Making Stuff Is Hard: Sprinter Released
You do run run run
Sprinter [official site] is the first game by one-man-act Light Step Games. It's a top-down runner "with minimalist art style and maximum story" in which you both control your character and manipulate the world around you. As you slip by the obstacles unseen, the sound effects blend in with the ambient soundtrack. The result turns the frantic action into a soothing experience - at least in theory. It's just been released.
Sprint on for a trailer and some words about the human story behind the game.

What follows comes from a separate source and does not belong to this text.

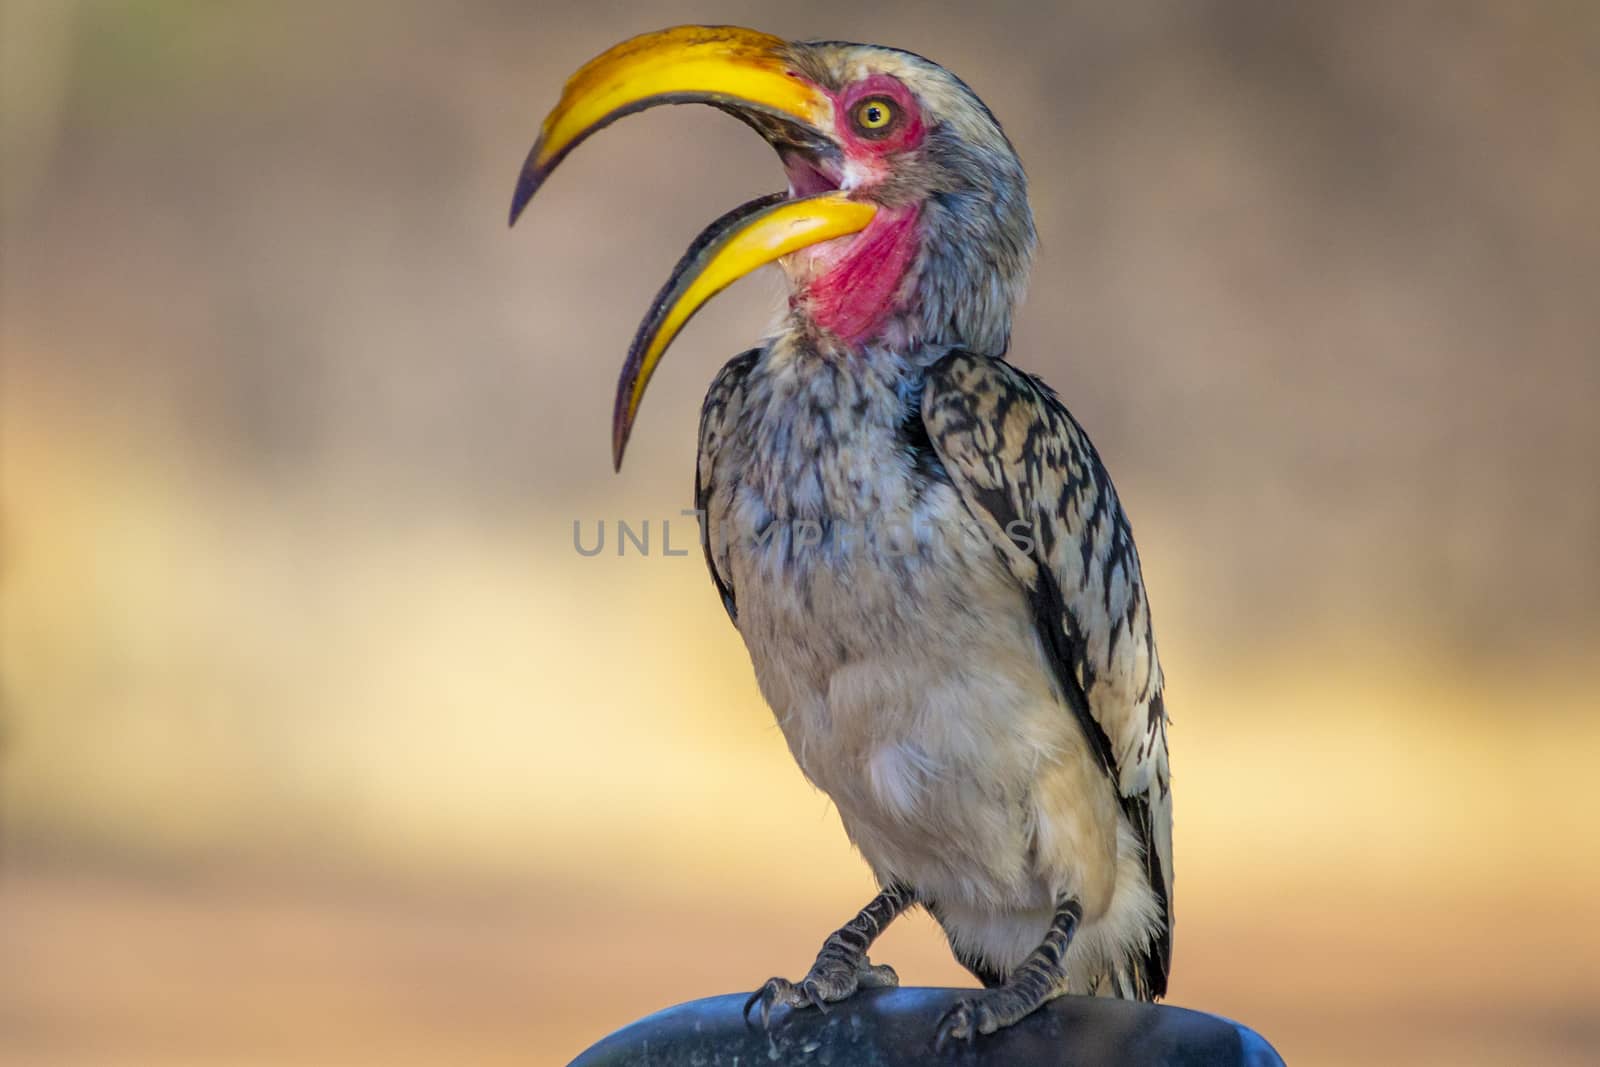 Southeren yellow-billed hornbill or latin name Tockus leucomelas. by kb79

I could listen to that trailer all day.
Sprinter plays like a rhythm game: press the right buttons at the right time to progress. There must be an amazing sense of flow to be achieved, when everything comes together: the button presses, the music, the speed. But the difficulty may make the experience frustrating, rather than soothing. The only review up on Steam right now reveals that between you and the smoothness of the trailer lie a huge number of retries, and that the levels are so short because you need to build muscle memory to pass them.
If you need a reason for running, some vignettes will tell you who, what and why, although there isn't much to be gleaned about the plot except that it touches on "an intimate family story."
The game's website also links to the Tumblr of Idris, the game's author. In his only two posts, liberally sprinkled with cute pictures of red pandas, he paints in broad strokes his struggle with development, focusing on the human side rather than the technical details. The story starts in 2013, when he left his previous job with high hopes of achieving success with his own game. But his ideas are too ambitious and impractical, and after a year he still has nothing to show.
"The scope of my ideas in the beginning were larger than life. I would live out some ill-fated fantasy by quitting my job and creating a game that would make a wave in the industry, with a narrative that spiralled and inspired, and gameplay that provoked visceral reactions from every wide-eyed, jaw-dropped gaze it caught.
[...]
"How do you accept such ludicrous ambitions with a straight face? The answer is actually pretty simple; you possess enough arrogance to convince yourself it’s completely possible, and get straight to work before you catch sight of the mistake.
"So I did just that, jumping onto a treadmill, running twenty miles a day, all in service of this out of reach ambition. Building physics engines, dialogue systems, writing a complete twenty page screenplay that is now as useful as the apple core I threw away the day I wrote the first line.
The story has a good ending, obviously, but I appreciate the honesty that animates Idris' account ("this is just a truly horrifying experience, even though I love every second of it."), and I'm sure the read could help some other struggling dev out there. Making stuff is hard.
Sprinter is out now on Steam for Windows, Mac and Linux. It's got a 20% launch discount until March 3rd, so the game will set you back £4.47/$6.39/€6.39 now.